Fakih Mohamad G, Sharma Mamta, Khatib Riad, Berriel-Cass Dorine, Meisner Susan, Harrington Steven, Saravolatz Louis
Division of Infectious Diseases, Department of Medicine, St. John Hospital and Medical Center, Grosse Pointe Woods, MI 48236, USA.
Infect Control Hosp Epidemiol. 2007 Jun;28(6):655-60. doi: 10.1086/518347. Epub 2007 May 10.
To evaluate factors related to a gradual rise in sternal surgical site infection (SSI) rates.
Retrospective cohort study.
A 608-bed, tertiary care teaching hospital.
All patients who underwent coronary artery bypass graft (CABG) from January 2000 through September 2004.
Of 3,578 patients who underwent CABG, 144 (4%) had sternal SSI. There was an increase in infection rate, with a marked reduction in the number of operations per year. The percentage of patients with peripheral vascular disease increased from 12% to 24.3% (P<.001), and the percentage with congestive heart failure increased from 17% to 22% (P<.001). Between 2002 and 2004, the mean duration of surgery increased from 233 to 290 minutes (P<.001), the percentage of patients with a National Nosocomial Infections Surveillance System (NNIS) risk index of 2 increased from 14.3% to 38% (P<.001), and the percentage of patients with a postoperative stay in the intensive care unit of greater than 72 hours increased from 29% to 40.6% (P<.001). Multivariate analysis showed diabetes mellitus, peripheral vascular disease, obesity, duration of surgery, and postoperative stay in the intensive care unit of greater than 72 hours to be independently associated with infection.

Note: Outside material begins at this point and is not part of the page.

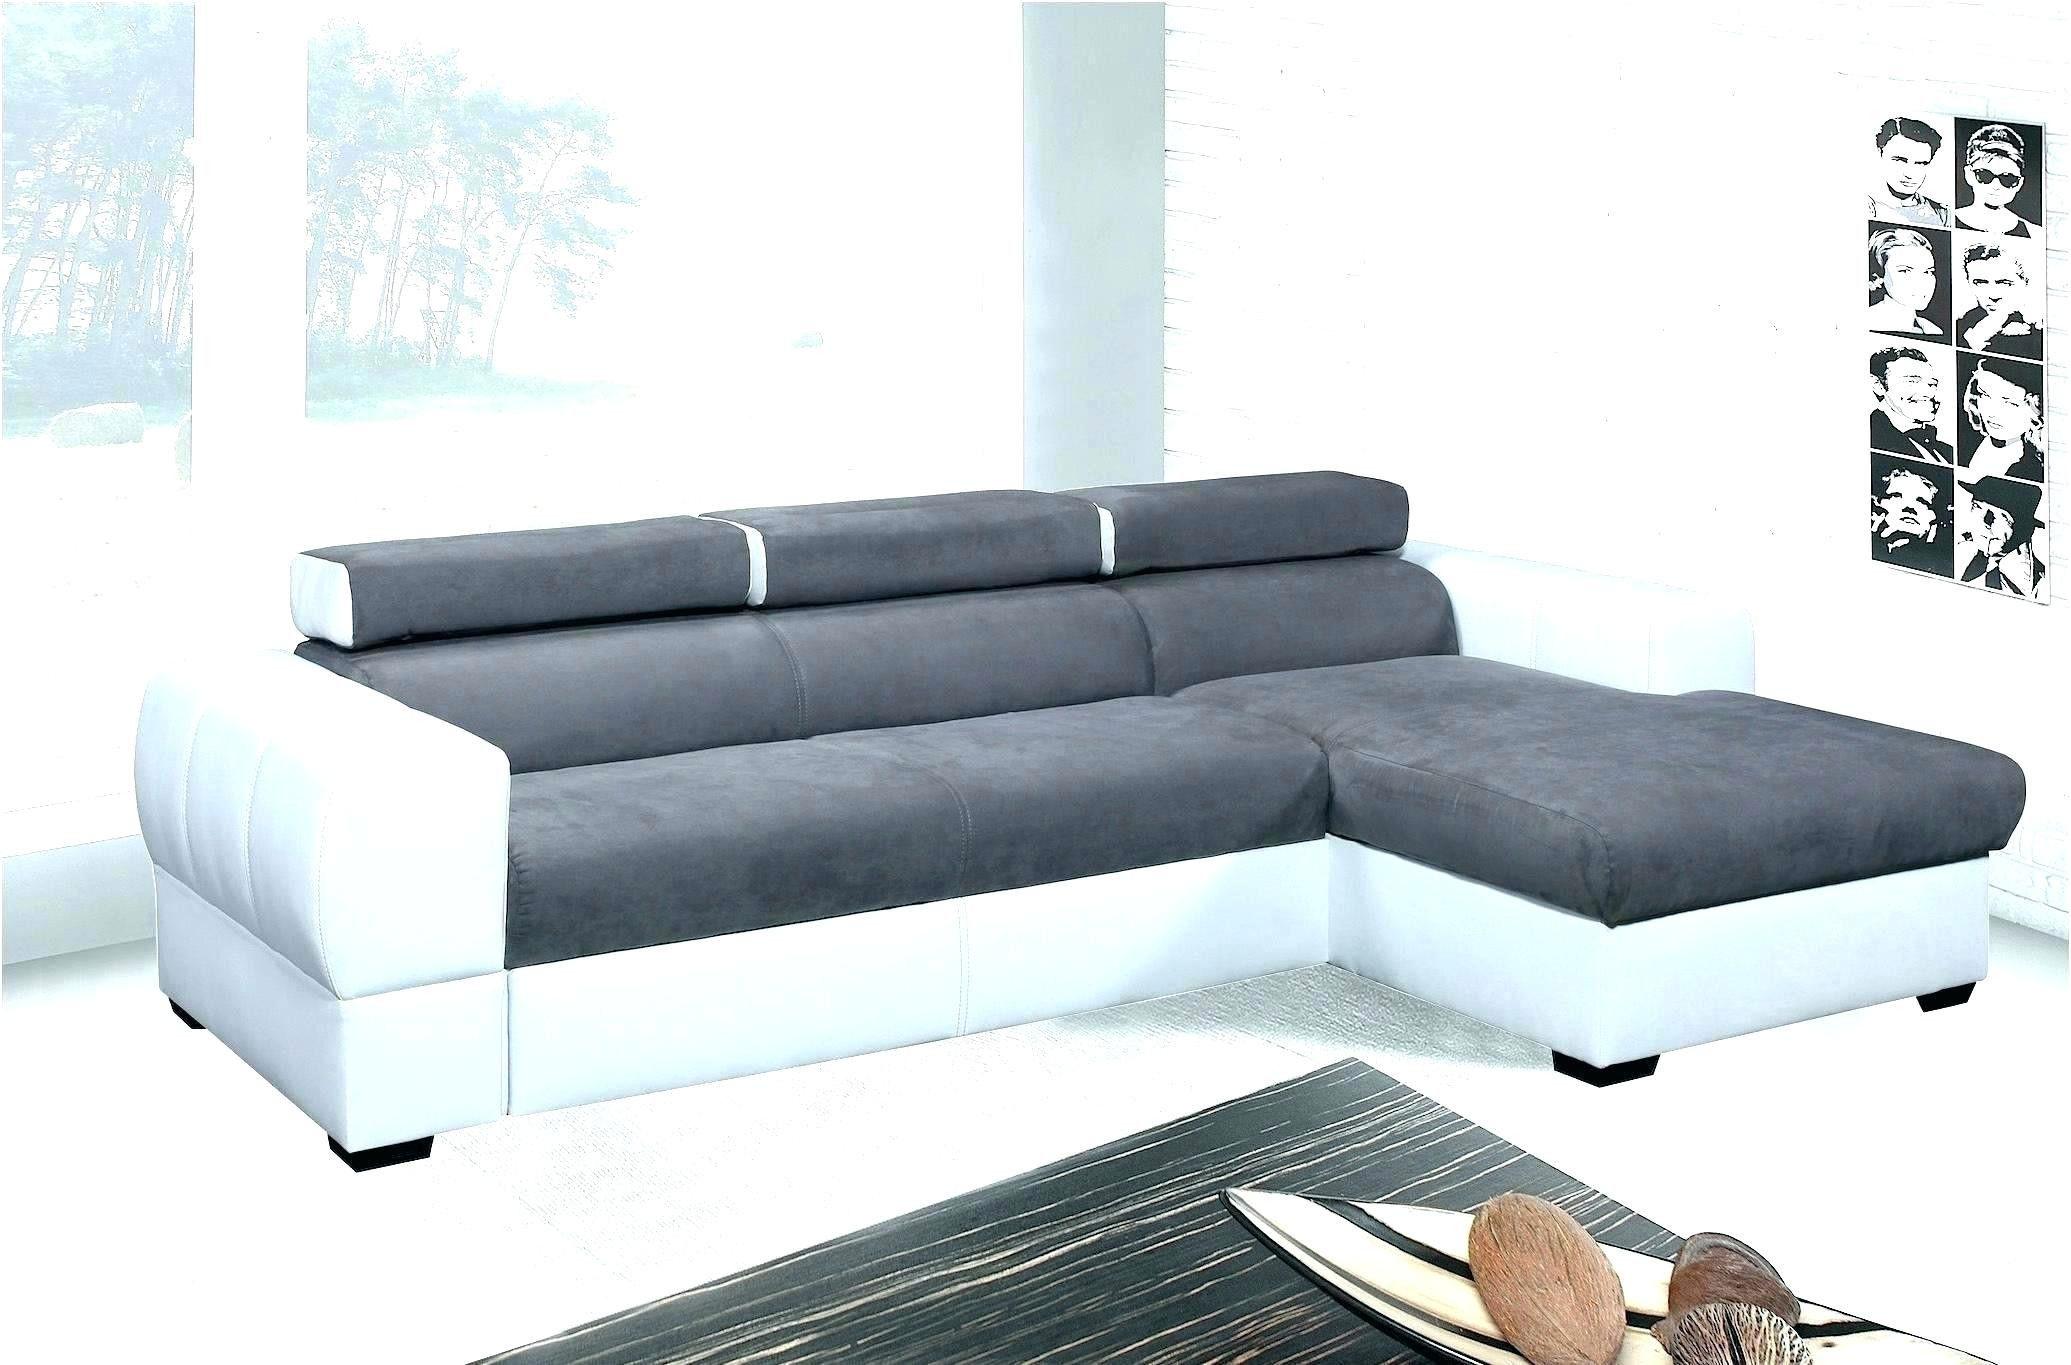 35 Meilleur Cinna Canape Idees Astucieuses Cinna Canape Furniture Couch Canape Salon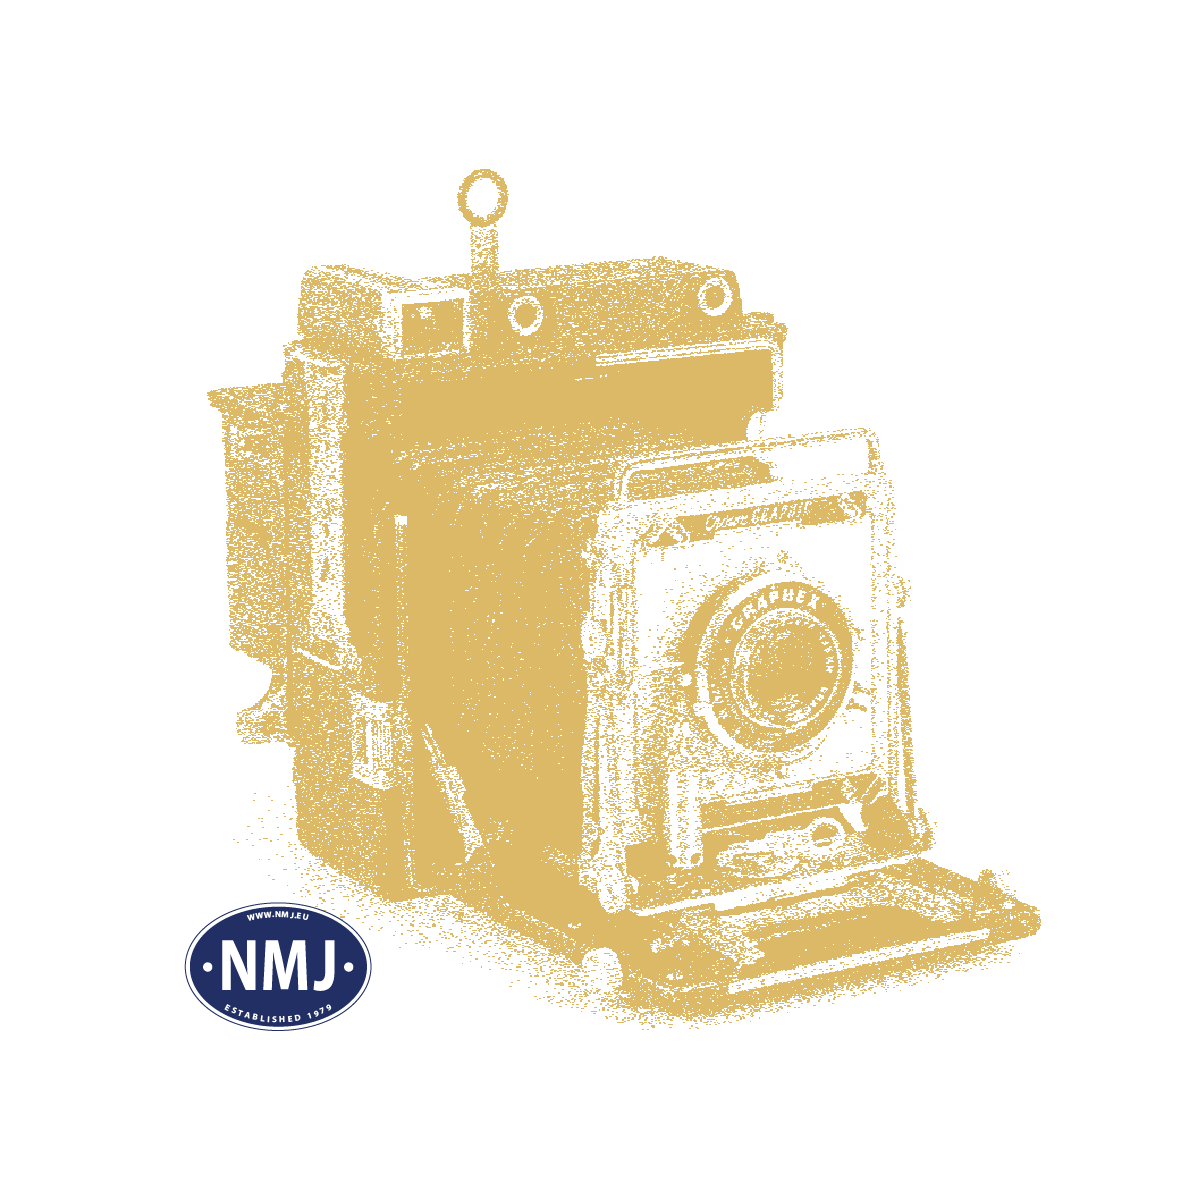 NMJKAT19 - NMJ Neuheiten Katalog 2019, Superline, Topline, Skyline

An increase in infection in the CABG population not associated with an outbreak may be a reflection of a change in the severity of illness. Preoperative, intraoperative, and postoperative markers for increased infection risk may be used, in addition to the NNIS risk index, to assess the patient population risk.
评估与胸骨手术部位感染(SSI)率逐渐上升相关的因素。
回顾性队列研究。
一家拥有608张床位的三级护理教学医院。
2000年1月至2004年9月期间接受冠状动脉旁路移植术(CABG)的所有患者。
在3578例行CABG的患者中,144例(4%)发生了胸骨SSI。感染率有所上升,每年的手术例数显著减少。外周血管疾病患者的比例从12%增至24.3%(P<0.001),充血性心力衰竭患者的比例从17%增至22%(P<0.001)。2002年至2004年期间,平均手术时长从233分钟增至290分钟(P<0.001),国家医院感染监测系统(NNIS)风险指数为2的患者比例从14.3%增至38%(P<0.001),术后在重症监护病房停留超过72小时的患者比例从29%增至40.6%(P<0.001)。多因素分析显示,糖尿病、外周血管疾病、肥胖、手术时长以及术后在重症监护病房停留超过72小时与感染独立相关。
CABG患者中与暴发无关的感染增加可能反映了疾病严重程度的变化。除NNIS风险指数外,可使用术前、术中和术后感染风险增加的标志物来评估患者群体风险。